Trois ans après l’incendie qui a ravagé des unités de production de la Société nationale de raffinage (SONARA) et alors que des procédures techniques et judiciaires complexes opposent les avocats, l’on ne sait toujours pas qui doit payer le sinistre. L’assureur Activa et le réassureur Swiss Ré sont peu bavards sur le sujet alors que des sources proches du dossier rappellent que la prime n’avait pas encore été payée par la Sonara au moment de l’incendie survenu le 31 mai 2019. Alors que la réponse devrait sortir des tribunaux de commerce, voilà que des députés et sénateurs, auteurs d’une enquête parlementaire menée à travers les membres du Réseau parlementaire pour la promotion des Assurances (REPPAS), s’invitent dans le dossier.

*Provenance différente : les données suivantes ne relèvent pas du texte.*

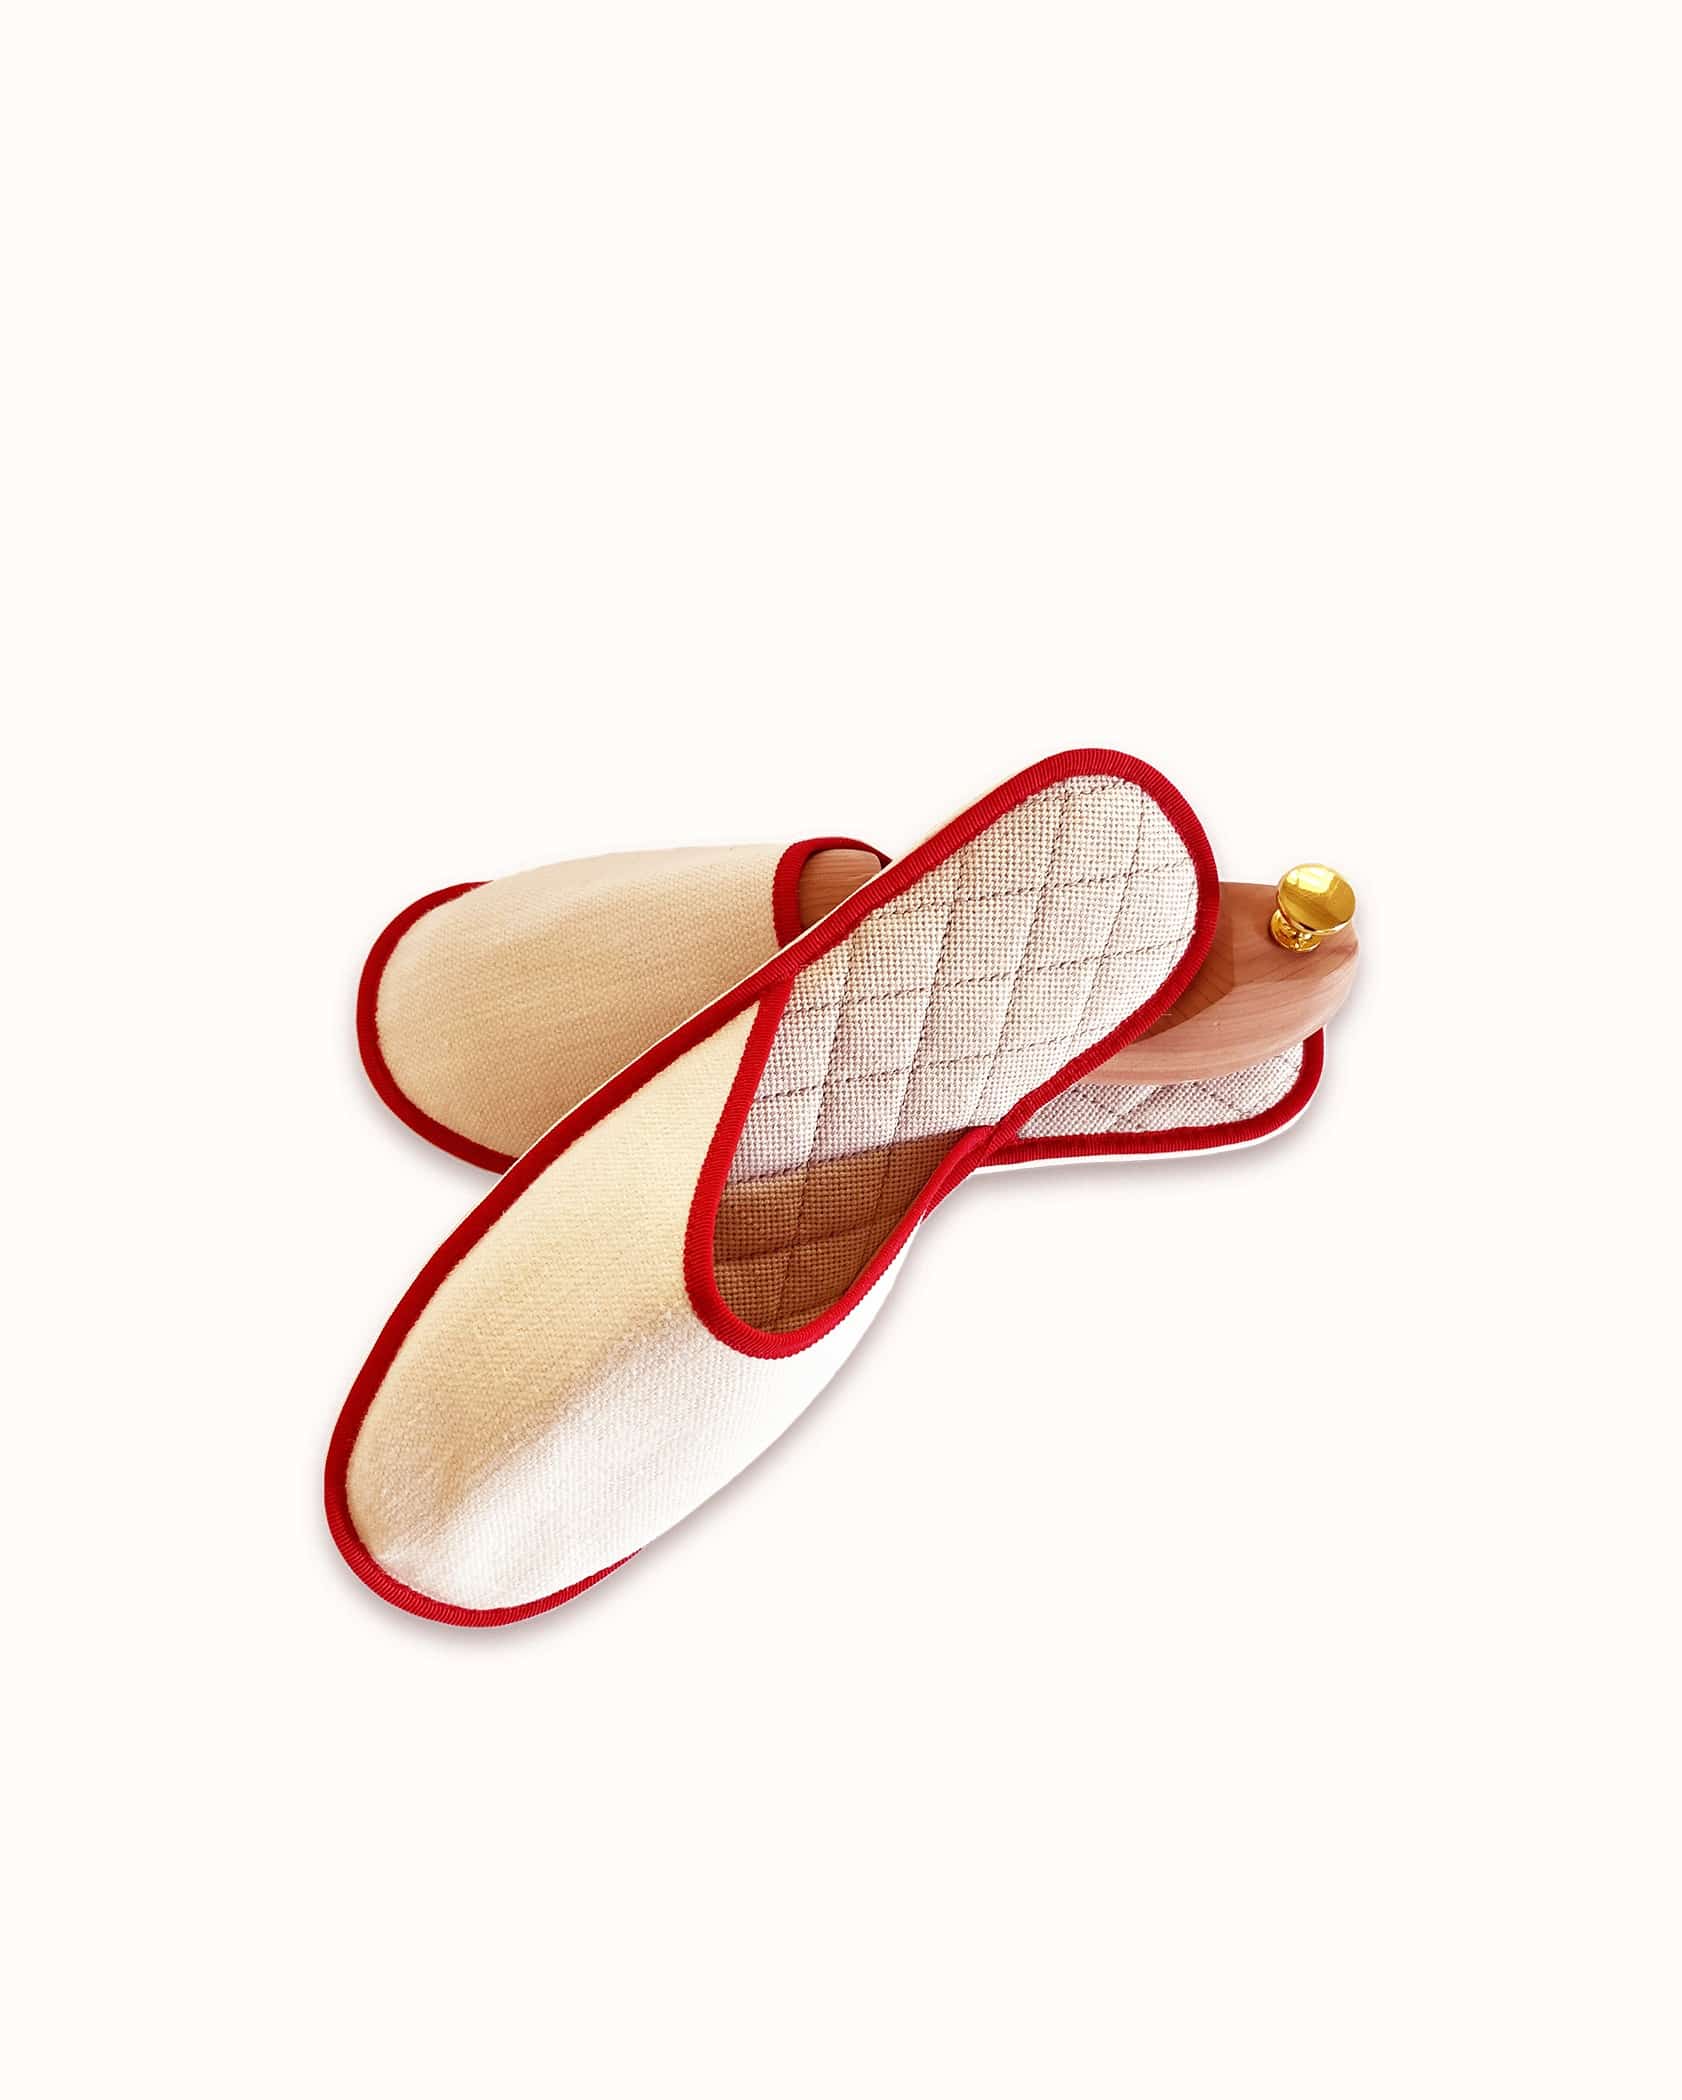 Chausson français pour homme, femme et enfant fabriqué en France. Modèle Voiello (beige et rouge), une pantoufle comme à l’hôtel vêtue d’un rembourrage matelassé et d’une finition sophistiquée.

Les élus du peuple estiment que l’assureur, en l’occurrence ACTIVA assurances,, doit verser 200 milliards de FCFA (305) millions de dollars) à l’Etat du Cameroun au titre de l’indemnisation de la SONARA. Cette enveloppe représenterait plus de ¾ du montant attendu pour la réhabilitation de la raffinerie, soit 250 milliards de FCFA (405 millions de dollars). Si l’option exigée par la représentation nationale était retenue, il ne restera qu’à mobiliser 50 milliards de FCFA (76 millions de dollars) pour parachever les travaux.
L’initiative du parlement s’inscrit en droite ligne du chronogramme arrêté par les pouvoirs publics qui ont annoncé pour courant 2022, la réhabilitation/restructuration de la SONARA principalement adossée sur trois piliers : d’abord le redémarrage de la raffinerie dans la configuration finale du projet SONARA 2010 prévoyant l’extension et la modernisation des installations ce qui devrait porter la capacité de production de 2,2 millions de tonnes de barils par an à 3,5 millions de tonnes ; ensuite l’accomplissement préalable de toutes les mesures d’accompagnement devant tenir compte des résultats de l’audit et enfin l’exécution de cette option dans le cadre du Partenariat public/privé (PPP).
Cet investissement permettrait de remettre sur pied l’outil de production étant donné que l’incendie survenu le 31 mai 2019 a endommagé 7 des 13 des unités de production et consumé 10 millions de litres de pétrole brut. Depuis ce sinistre, en vue d’assurer le fonctionnement de la SONARA qui constitue l’unique raffinerie du pays, l’Etat a décuplé les importations du pétrole pour ravitailler le marché local et s’est engagé à rembourser la dette bancaire de cette entreprise publique à hauteur de 284 milliards de FCFA (430 millions de dollars) sur une période de dix ans.